Your body will go the distance.

Despite what you may feel right now, your body will do it. Your body yearns for the challenge. It wants to be treated well, maintained, trained, fed the right foods and asked to move in ways you might not have moved in a very long time. If you train and fuel correctly your body can and will do what you will ask it.

And so it becomes a mental game. Do you have the heart, the spirit, and the mental toughness to outlast the forces that are working against you? In The Marathon you’ve got 26.2 miles of unforgiving pavement and the forces of Nature – sun, wind, heat, humidity, cold, rain…you’re battling the Earth itself to achieve your victory (and as far as I’m concerned there is nothing more pure).

But what about in your own journey?

On a daily basis, you fight against much more. Self-esteem. Peer-pressure. The fact that healthy food and gym memberships are SO expensive, but that McBurger with fries is just $2.99 and hey, my favorite show is on!

You’ve got to win the fight. It’s life or death. Battle back and say “NO, it’s NOT ok to just sit there and rot on the couch.”

“NO, I WILL invest in myself…because a gym membership now costs a lot less than my medical bills will later. If I eat out one less time a month…there’s my dues! I shouldn’t even be having that platter of nachos anyway.”

“NO, you will NOT make me feel stupid for going to the gym when I weigh 300 lbs…because I’ve got news for you pal, I’m NOT going to weigh 300 lbs for much longer…and won’t you look silly when I’ve got a 6-pack and you’re still rockin’ the ‘dad bod’.”

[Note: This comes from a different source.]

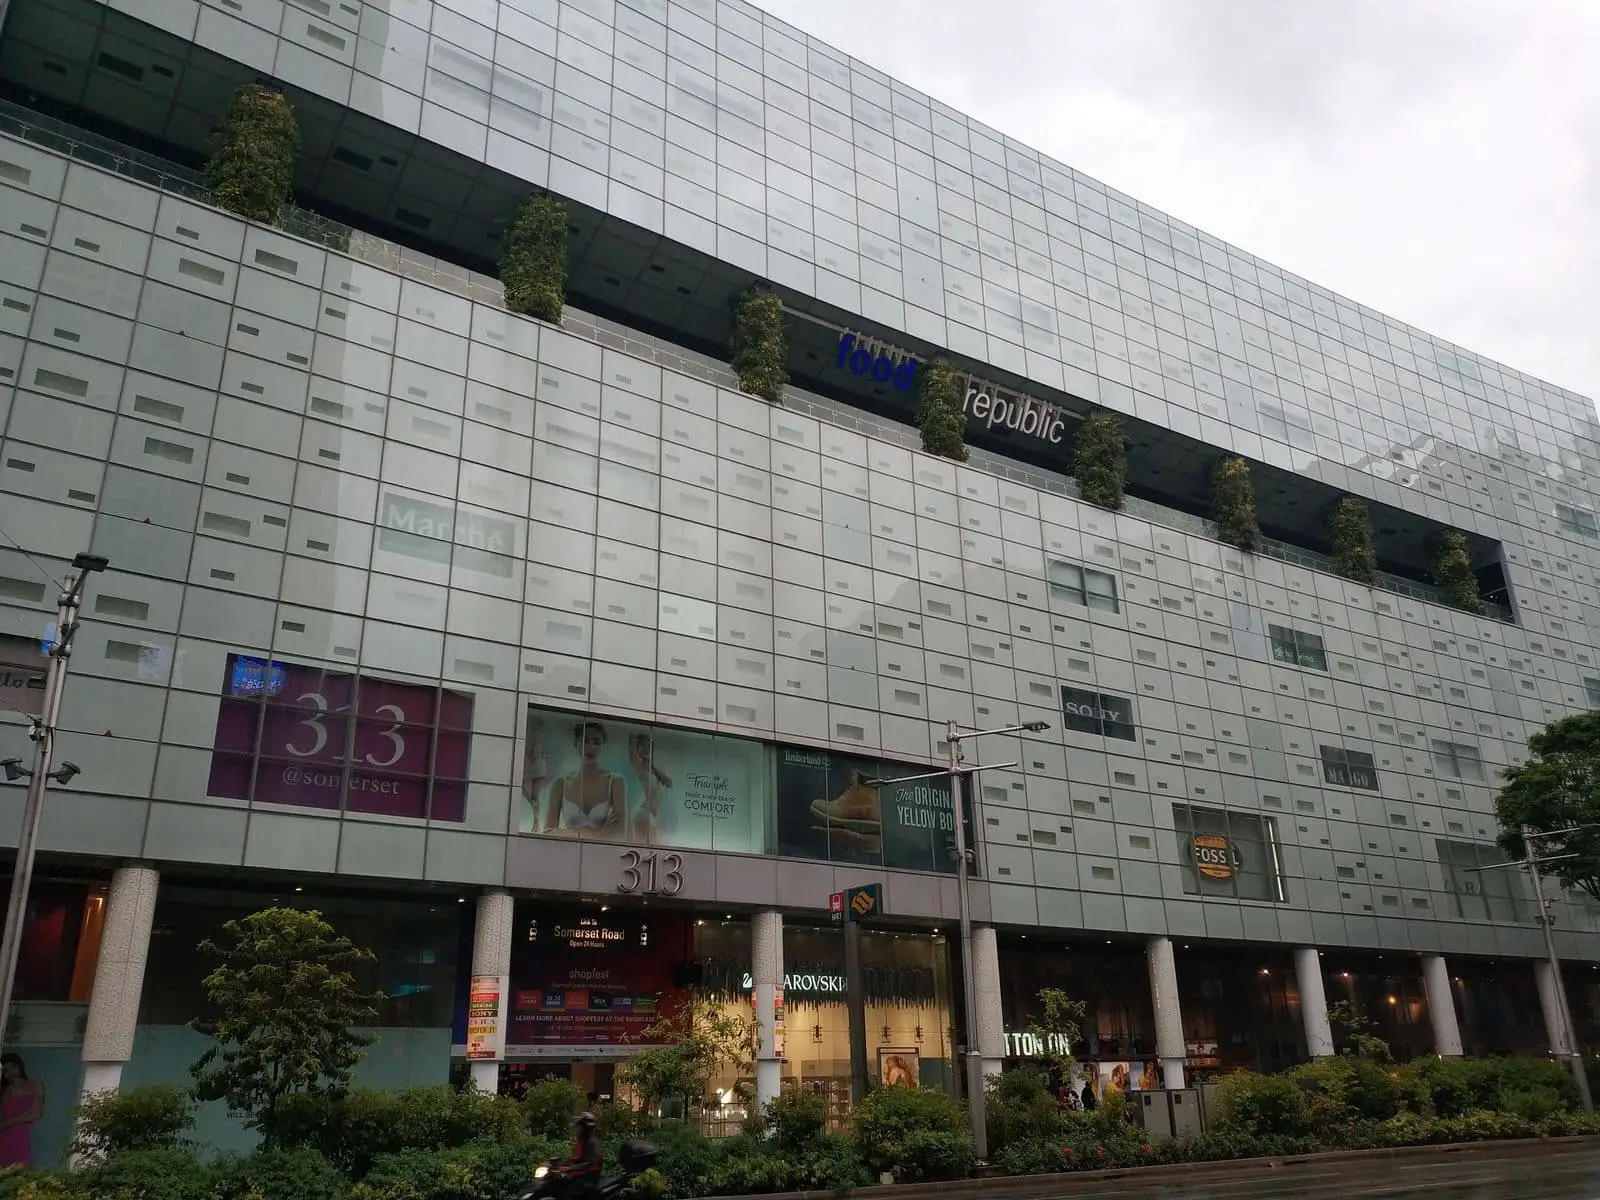 somerset mall singapore

The Marathon taught me a lot of things about myself I never expected to learn…but quite possibly the most important thing I learned…is that there truly is no limit. It’s something I’ve believed for a long time, but there was a nagging suspicion somewhere in the back of my mind that there was, in fact, a ceiling…albeit a high one…and eventually…you would find it.

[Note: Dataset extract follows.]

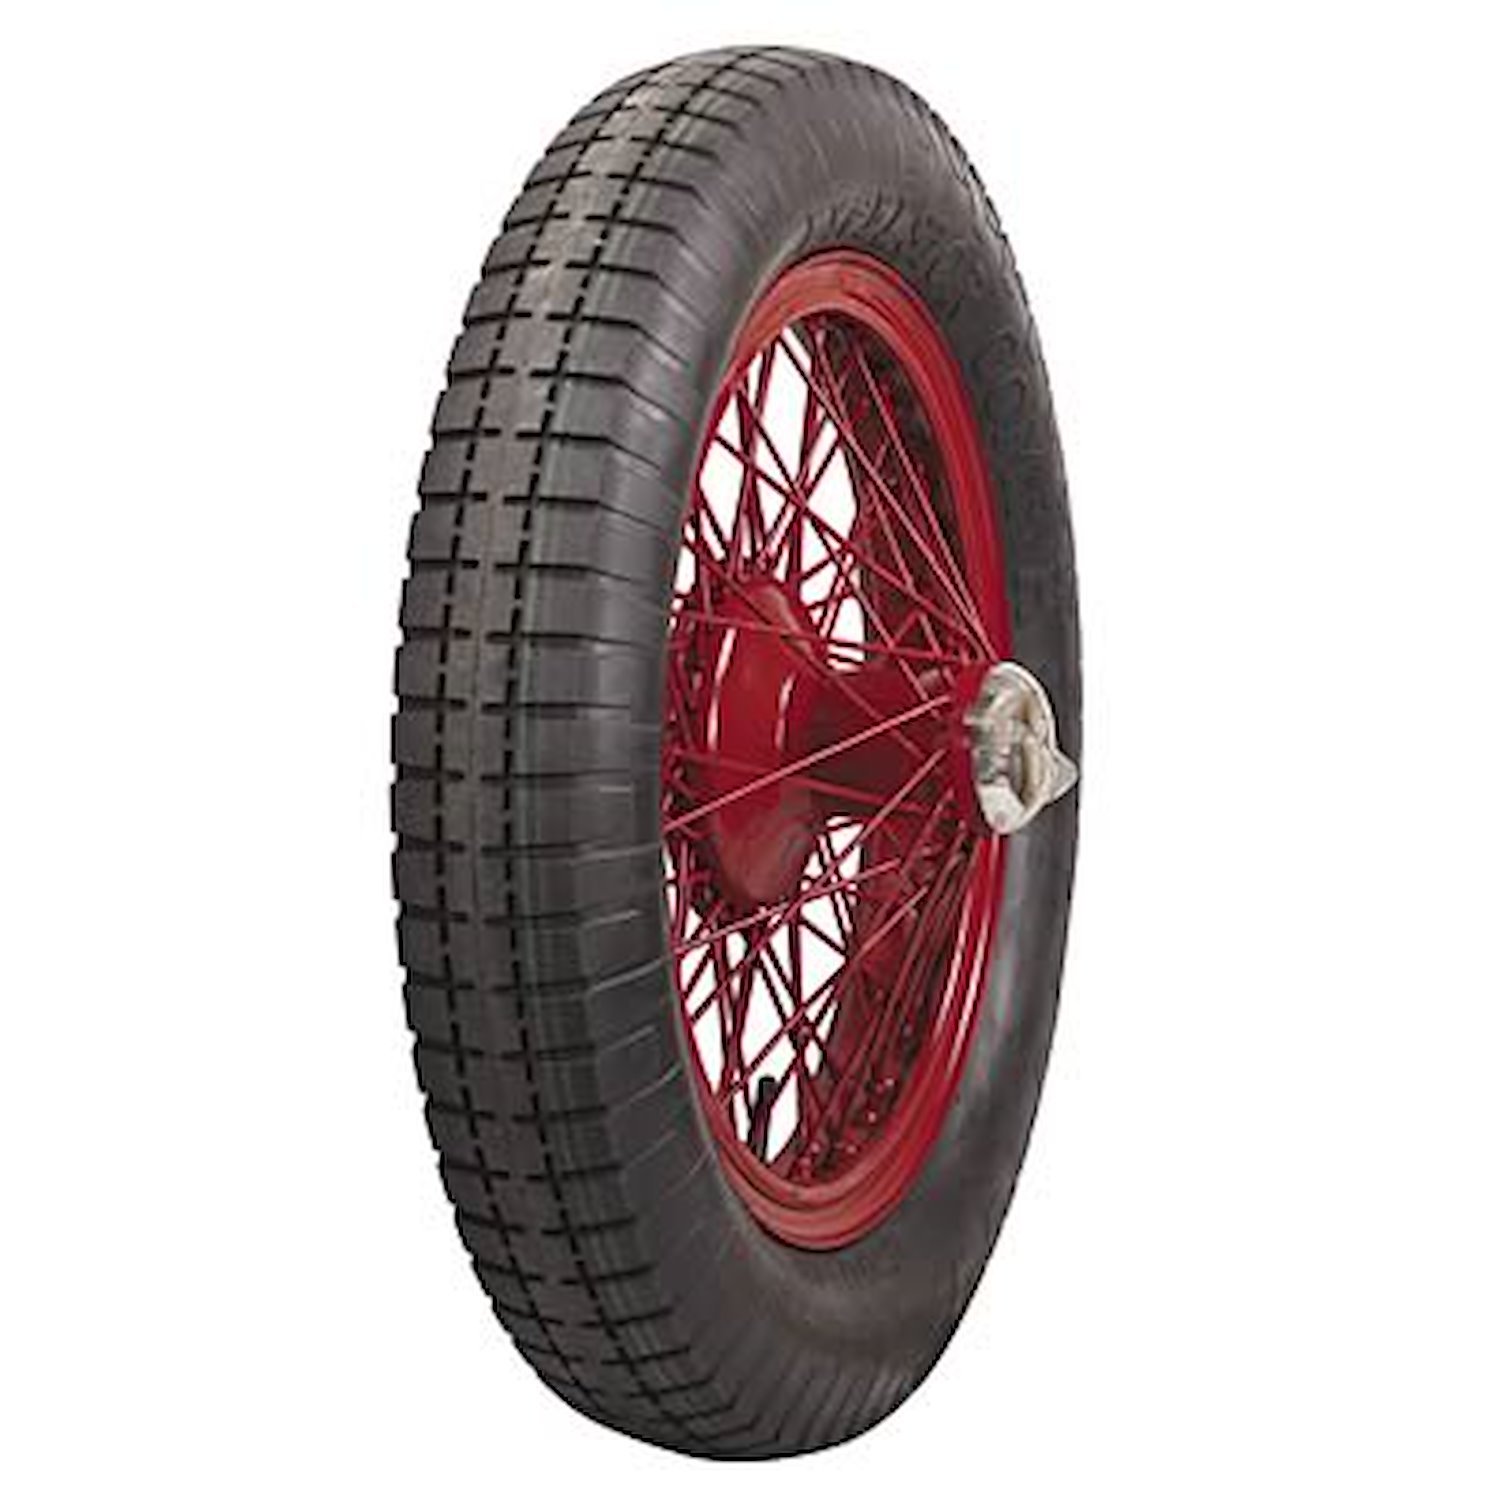 728938 Tire, Excelsior Comp H, 400-19

But now it’s been made crystal clear to me: there is no ceiling. There truly is NO limit to what you can achieve. As long as you set your goal, make a plan, train, fuel, and believe…you really can achieve anything. It might be hard to believe right now, sitting where you’re sitting…but I was sitting in a place very similar not too long ago…

Don’t lose faith in yourself. You can do it. Whatever “it” is.